RECORD EXCERPTS

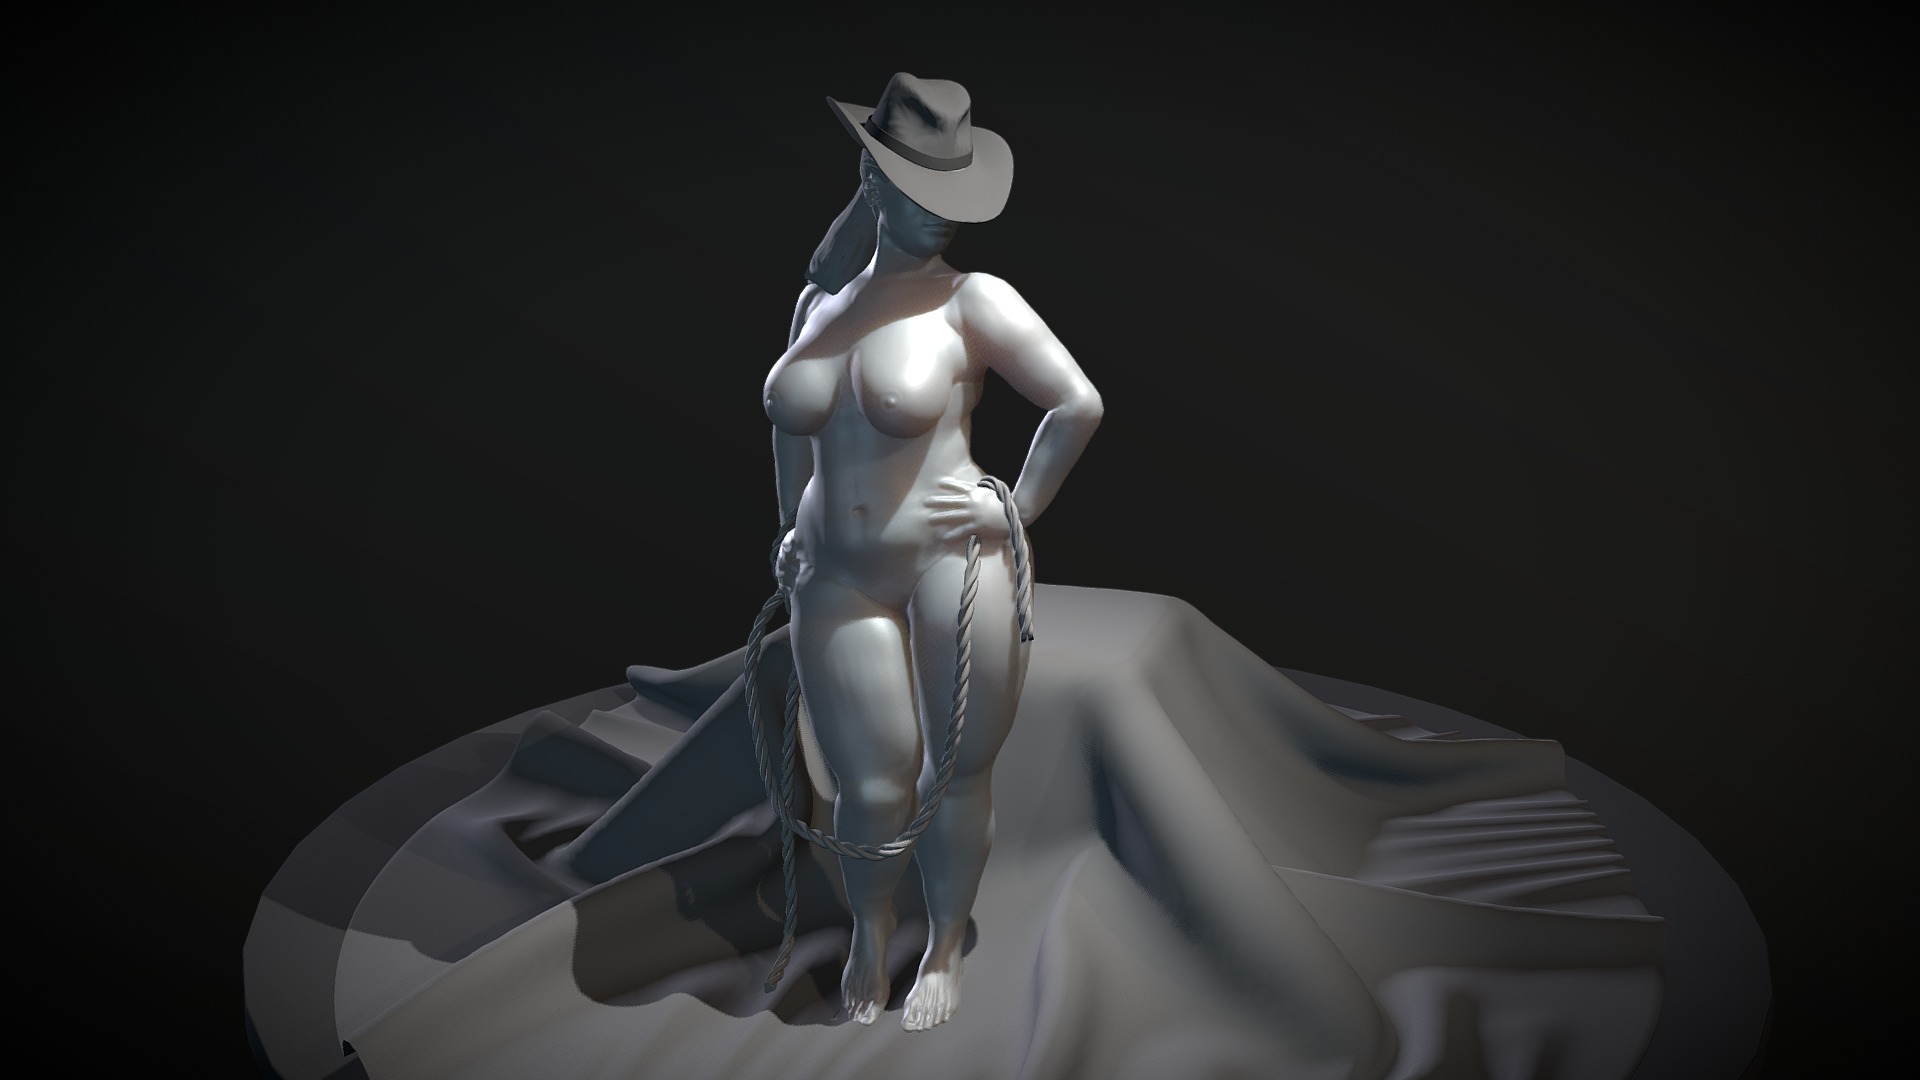 Curvy Model

Maya, ZBrush, OBJ, STL and FBX files included. Clean topology and UV maps laid out for all objects. 

Files:
OBJ (compatible will 3D Studio Max, C4D, Blender and more)
FBX (compatible will 3D Studio Max, C4D, Blender and more)
STL (for 3D printing) (W: 56mm, H 24mm, D 56mm)
MB (Native Maya 2018, Arnold) - Curvy Model - Buy Royalty Free 3D model by dcbittorf 3d model

EXERCISE DESCRIPTION
Each line of the data must be restated exactly, and the pictures must be left out.

RESULT OF THE EXERCISE
 Curvy Model

Maya, ZBrush, OBJ, STL and FBX files included. Clean topology and UV maps laid out for all objects. 

Files:
OBJ (compatible will 3D Studio Max, C4D, Blender and more)
FBX (compatible will 3D Studio Max, C4D, Blender and more)
STL (for 3D printing) (W: 56mm, H 24mm, D 56mm)
MB (Native Maya 2018, Arnold) - Curvy Model - Buy Royalty Free 3D model by dcbittorf 3d model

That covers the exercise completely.